# be careful with your replies to this..............



## 220swift (Mar 2, 2011)

Some Russian beavers just don't like their pictures taken............










A 60-year-old man bled to death following a beaver attack in Belarus. The man was on a fishing trip with friends when they saw the beaver early in the morning.

"One of them went up to be photographed with it, and the animal attacked him and bit him twice, cutting an artery in his thigh, before running away," Sergei Shtyk, the deputy head of the Brest region's wildlife inspectorate, told The Daily Telegraph.

The man's friends bandaged him and tried to get him assistance in a nearby village, but he died from blood loss before he could be helped.

Beaver attacks are very rare, but attacks can be serious since the animals have very big teeth and powerful jaws. Beaver attacks that result in deaths are extremely uncommon, however. Unusually aggressive beavers are often rabid. Experts advise not approaching any beavers in the wild.​​
careful.............


----------



## Bigdrowdy1 (Jan 29, 2010)

Thats what happens when you stray from Made in the USA!! Our beavers are aggressive as well but the teeth are 10% shorter than their foreign counter parts. Generally bites ocurr when least expected but rarely are fatal. It is proven that american beavers are also sporting less fur though any beaver. A prime beaver is sought after by any aggressive beaver trappers. It is said that American beaver is sought out through out the world for for its diversity of colors and variety of fineness of subullness when brushed across the skin gently. In America early morning beavers tend to be less aggressive than their counter parts in the later hours of the day. I have heard of the term rabib but I preferr to a different term. Beavers in the wild might tend to be a little more dangerous but heck you only live once!!! Besides i think it might read a little different!!

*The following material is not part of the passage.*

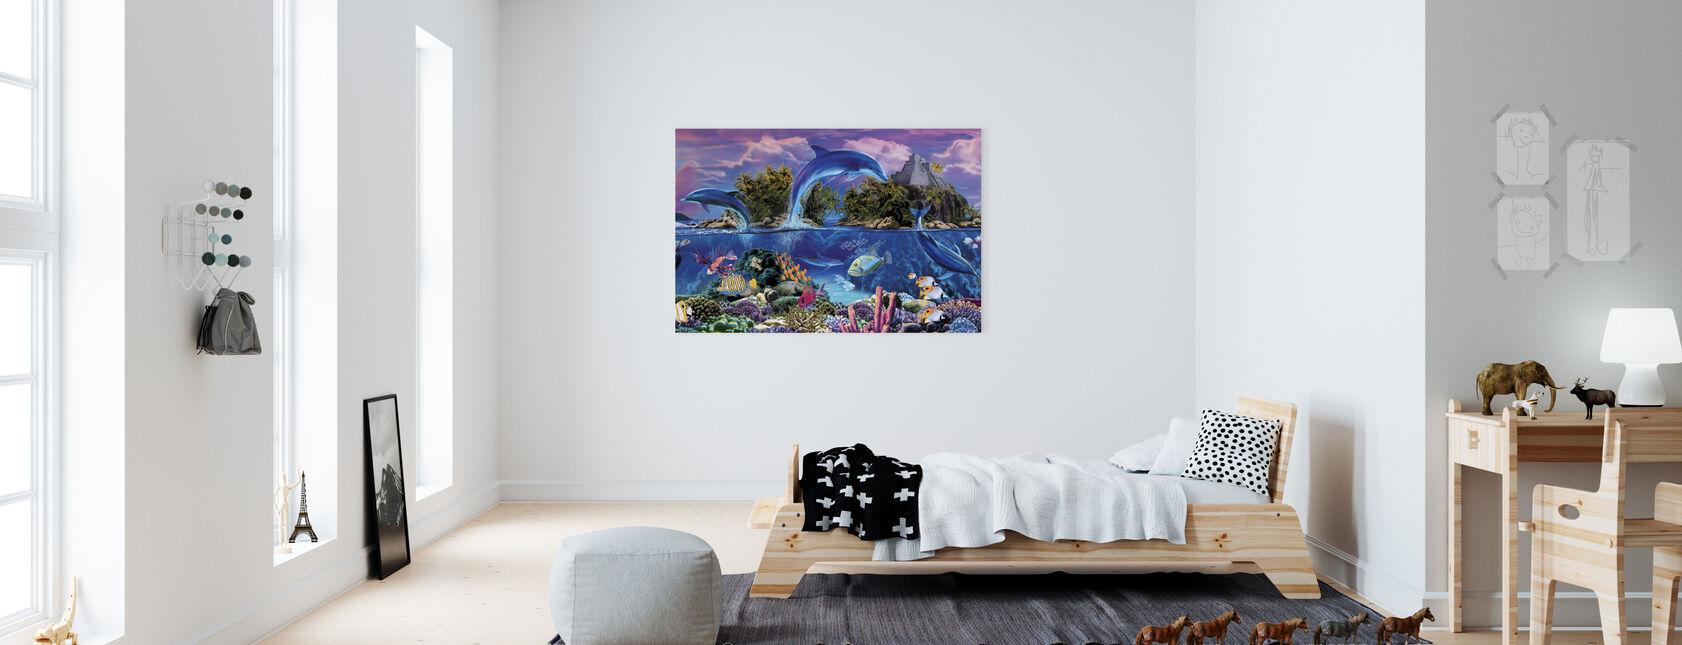 Merenalaiset paikat

Man dies from deep wound when beaver snapped jaws close cutting through a major vein!!

Sorry had to do this. Been breathing to many different types of wood dust!!


----------



## jswift (Dec 24, 2012)

Man dies from deep wound when beaver snapped jaws close cutting through a major vein!!

That is one major Ouch :emm: :emm:


----------



## dwtrees (Mar 5, 2012)

Not touching that one.


----------



## 220swift (Mar 2, 2011)

ya sleeping, I doubt that......LOL I knew someone wouldn't be able to resist.


----------



## Scotty D. (Feb 23, 2012)

Makes me scared of angry beavers....


----------



## youngdon (Mar 10, 2010)

LOL


----------



## fr3db3ar (Aug 6, 2011)

You SHOULD be afraid of angry beavers. They've been known to carry a frying pan.


----------



## sneakygroundbuzzard (Nov 1, 2012)

i was waiting for someone to go "there" lol

you guys make me laugh, i love it

maybe the govt should try banning angry beavers

ya know,just to protect the children


----------



## 220swift (Mar 2, 2011)

this just gets better every day.....LOL


----------



## youngdon (Mar 10, 2010)

I've had a few run ins through the years with angry beavers, and if you play your cards right they can actually be rather fun. Be safe though and check for frying pans first.


----------



## dwtrees (Mar 5, 2012)

And make sure you stay on top of them.

couldn't resist.


----------



## Traprdan (Jul 8, 2013)

ROTFLMAO so much too say


----------



## Catfish501 (Dec 1, 2012)

Save a tree! Eat a Beaver!


----------



## JTKillough (May 4, 2010)

I guess I'll go ahead a bite this one. That Rusky wouldn't be the first guy killed by them beavers. Wonder what his name was......Yuri Bobbitov.......sorry, couldn't resist.


----------



## youngdon (Mar 10, 2010)

LOL...... Bobbitov !!!


----------



## fulch (Apr 2, 2013)

Beavers that are cornered and threatened are extremely dangerous; make sure you bring a big stick or some other kind of protection. We're still talking about the 4 legged flat tailed kinds, right?


----------



## JTKillough (May 4, 2010)

He wouldn't be the first guy bitten by the beaver! :smiley-dracula: Just say'n............


----------



## NattyB (Jan 5, 2012)

We had a Beaver attack in SE, Pa this year. First I ever heard of it, then I saw this post. Helped a buddy in IA when he caught a 60LBer. ...That was one big critter, but they usually seem pretty docile in a leg-hold or snare...if they didn't drown. I was always more cautious approaching a trapped red or raccoon.


----------